This may be a shocking revelation to some but Windows and Apple’s OS are not the only ones available for the end user, There are freely available (and free) alternatives derived from a commercial operating system call Unix.
Linux is the operating system which I use on all my personal computers what it is and its development history are well documented on the Web. By the end of 2011 I eventually found that the Linux version (also known as flavour) fit for my purposes is Pear OS Linux which ticks all my boxes i.e. meets my current computer needs and runs well on my antique hardware. Along the way I have tried many differn versions including the mass market favourite Ubuntu and most of those based on it such as Lubuntu, Mint, Mepis and others such as Fedora, OpenSuse and Puppy.
One cautionary note: do not indulge in radical re-installations until or unless the contents of your hard disk(s), your data, are properly secured off the machine and ideally off-site. I have been operating what are now known as cloud principles for many years and do not entrust anything unique and valuable data such as photographs to a delicate single point of failure.
You might also need a supply of blank CDs and DVDs although installation can also be made more economically and environmentally friendlily by installing from a USB stick. Trialling often involves the creation of plenty of shiny coasters or bird scarers. Such installers are easily created on Windoze using the delightful LinuxLive USB Creator or the slightly dull but practical Unetbootin on just about any machine . As well as good bandwidth for the downloading of .iso disk images containing the required OS, it is very sensible to have a spare internet connected computer available to search for solutions when you encounter problems.
If you posses only one computer but are stouthearted I’d suggest that you opt for the dual boot option that installs the new OS alongside the original and be prepared, if all else falls, to reinstall Windoze from the original installation disc.
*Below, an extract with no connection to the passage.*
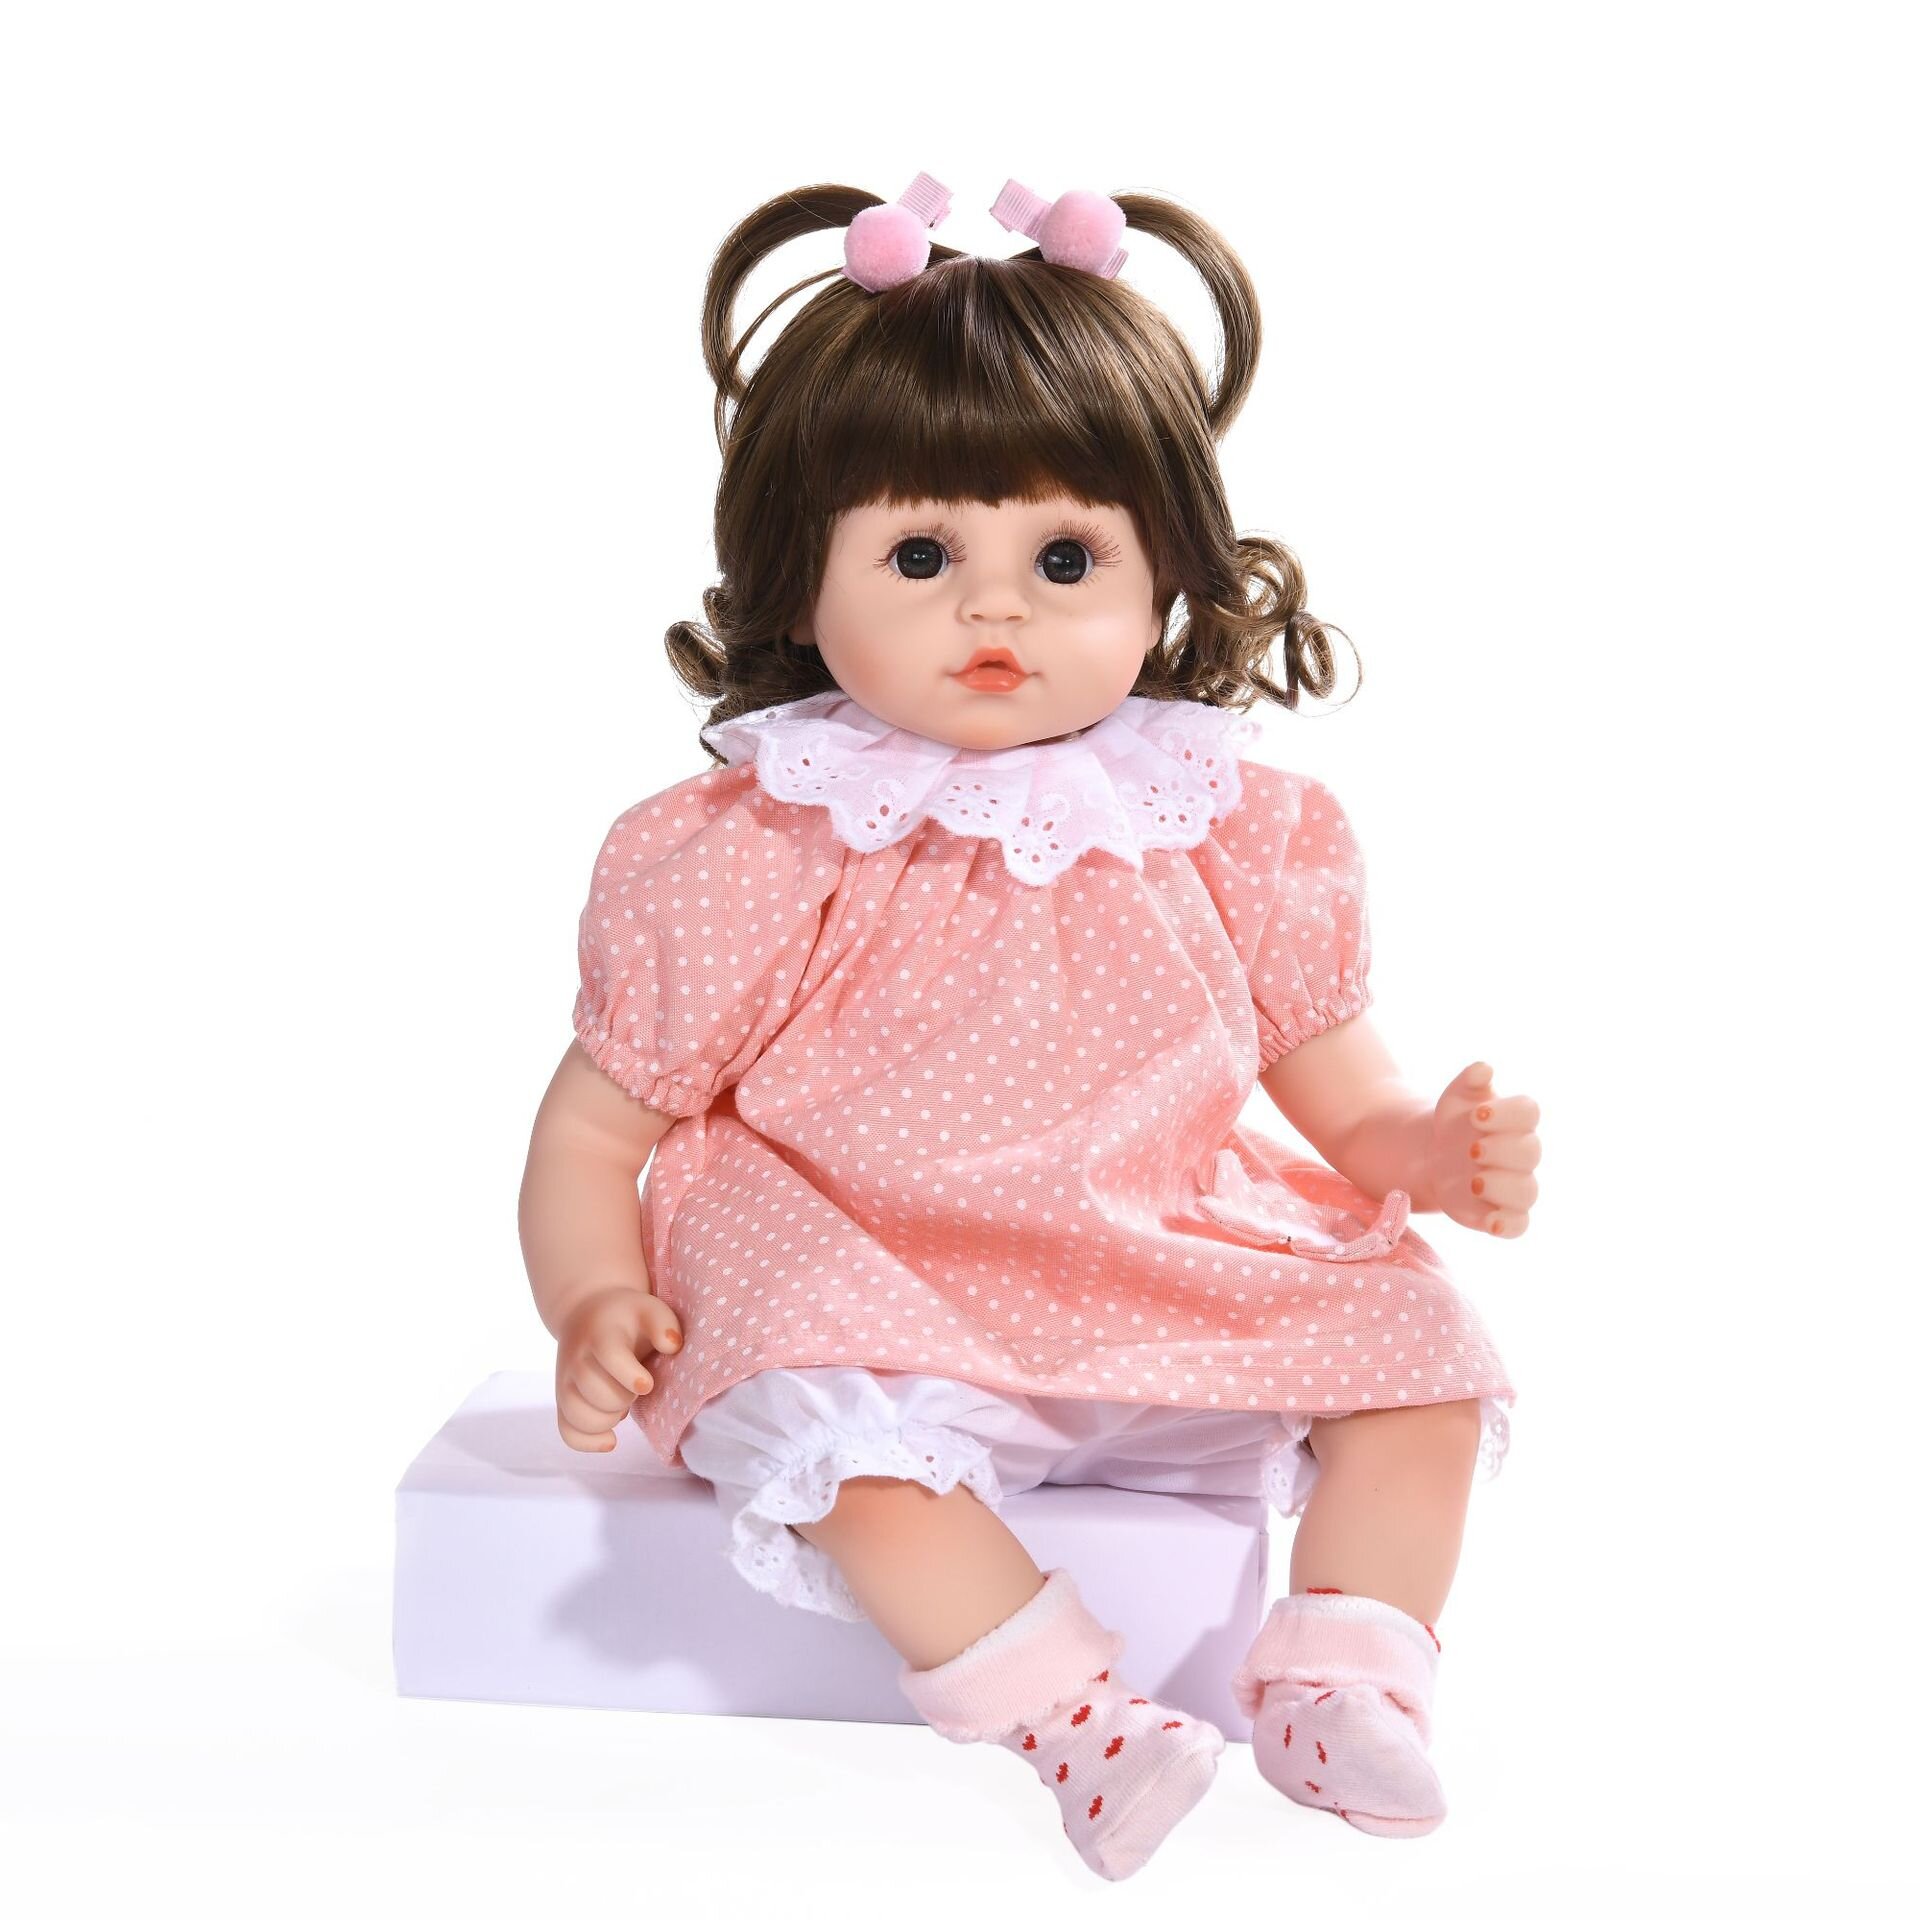 Handmade Baby Doll Surprise Gifts for Kids A6

Be warned that any Windows installation takes an unnecessarily long time – one of the immediate delights of Linux is that you can go from start to end of some installations in 30 minutes.
Another caveat bis that some devices may not work with your Linux OS, basically the manufacturers were too lazy to supply the drivers. On the other hand, I have discovered some bits & pieces that never worked as intended, if at all, with any version of Windows but have been magically restored to full functionality by the introduction of a Linux based OS (the original installation discs are redundant) which turns out to be plug and play at a level that Microsoft are still trying to reach.
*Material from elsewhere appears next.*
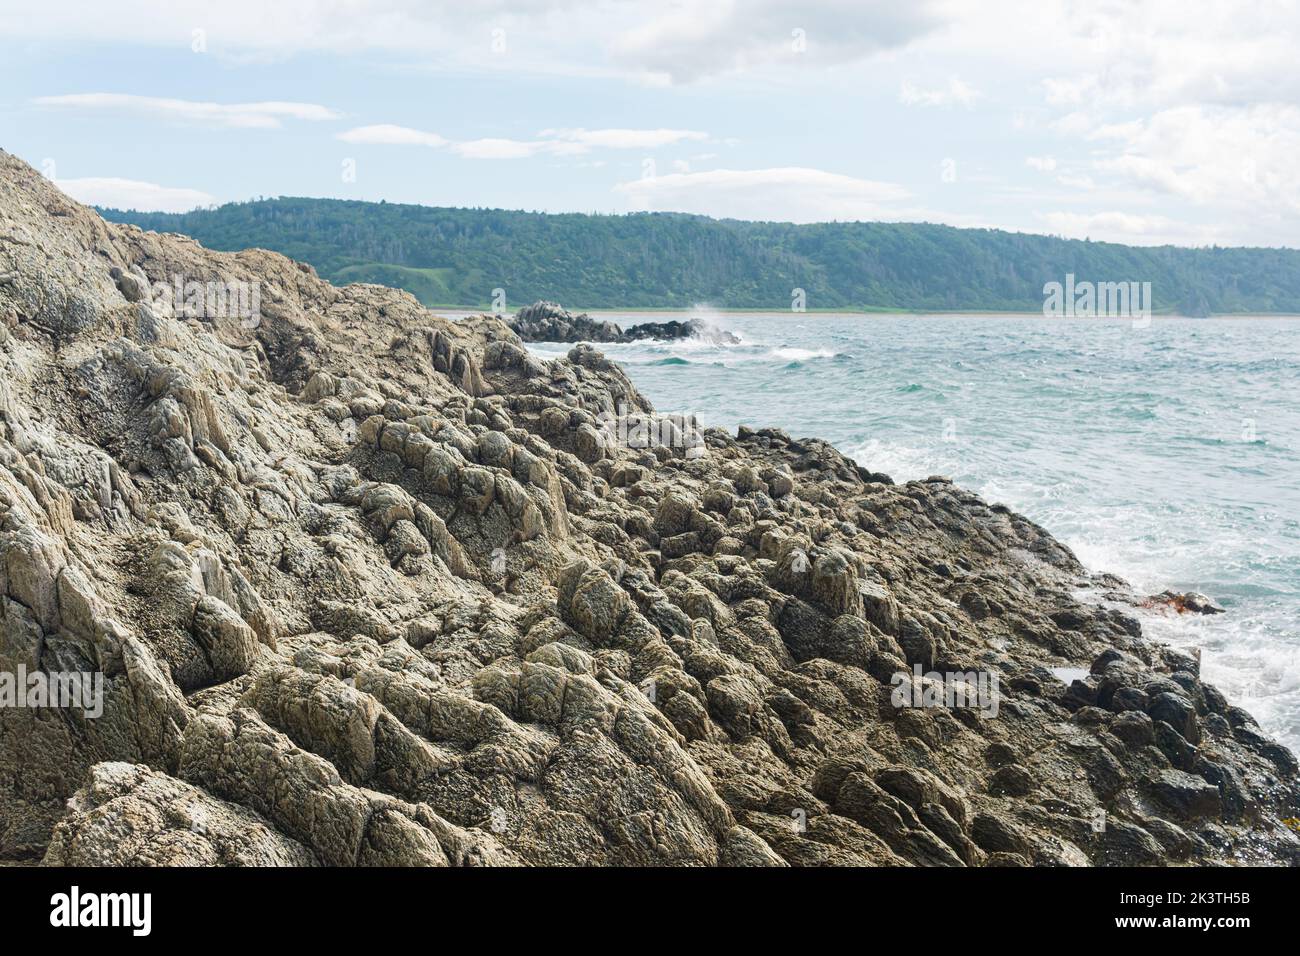 coastal cliff formed by solidified lava close-up against the background of a distant sea shore Stock Photo

OK, an hour or several days later a computer is just expensive piece of junk even with the world’s best operating system. It needs application software to actually do anything more than consume space and electricity and look pretty if you like that sort of thing.
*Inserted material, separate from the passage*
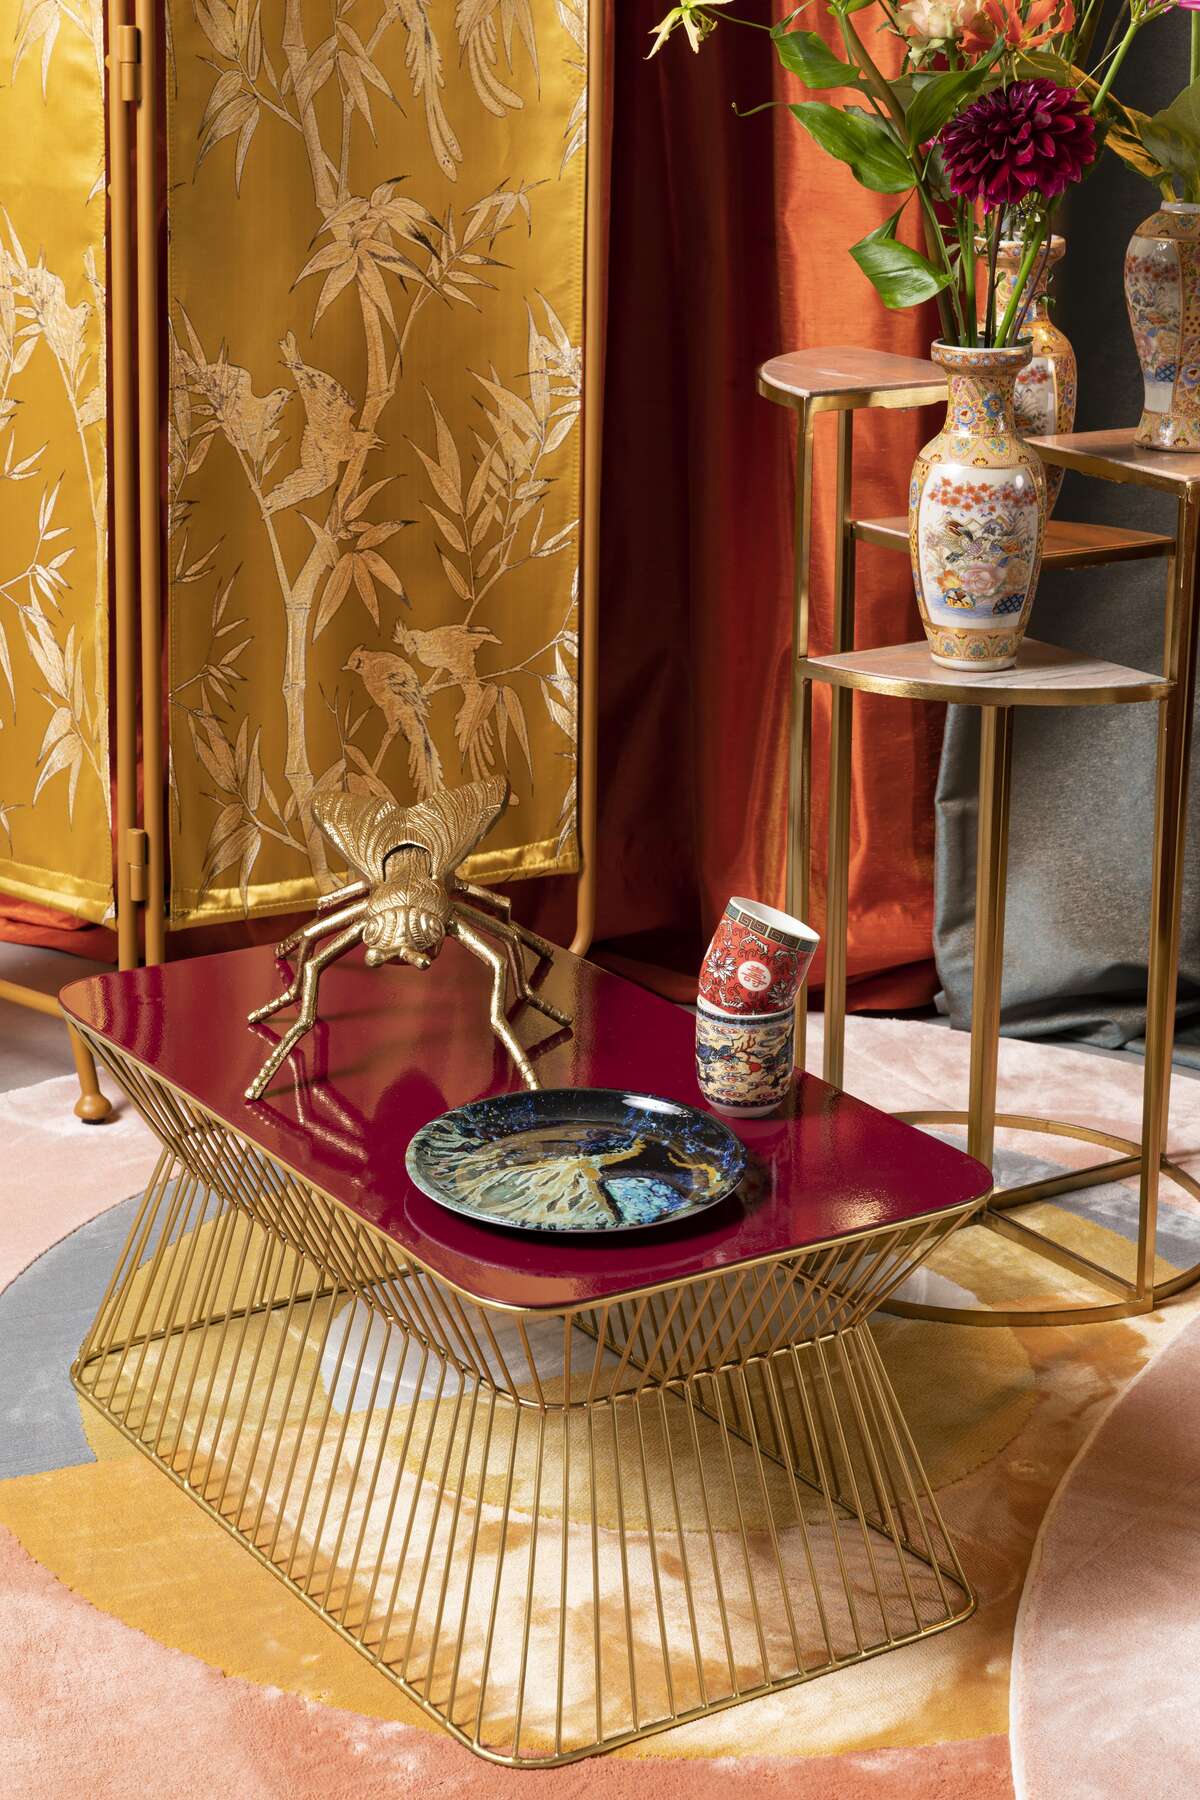 Our Glam coffee table. As the name suggests, it will give your interior a little more splendor. With a shiny enamel surface and a golden "necklace", Glam is simply shining. A table that definitely deserves attention!

All the different Linux distributions, distros for short, come with a set of applications. Now it gets difficult as you need to choose what you want to use your computer for. Guessing that the first thing anyone does is to access the Internet, I’d suggest you use the installed browser to see what else is out there and find the one best suited to your browsing needs and machine’s capabilities.
The installation software will have included some sort of package management software (I just looked and there are 36, 063 packages available to me for this machine), what do you want to do today?
Many people want to write and do sums with spreadsheets so need the Linux equivalent of Microsoft Office – the usual offerings are LibreOffice and OpenOffice. I do not like clutter and run from a small disk so my preference for daily use is Koffice but you don’t pay any money and you makes yer choice? Go with whatever works for you.
There are many offerings for playing music and video – the one I use is called VLC and can handle nearly all sound and video filetypes.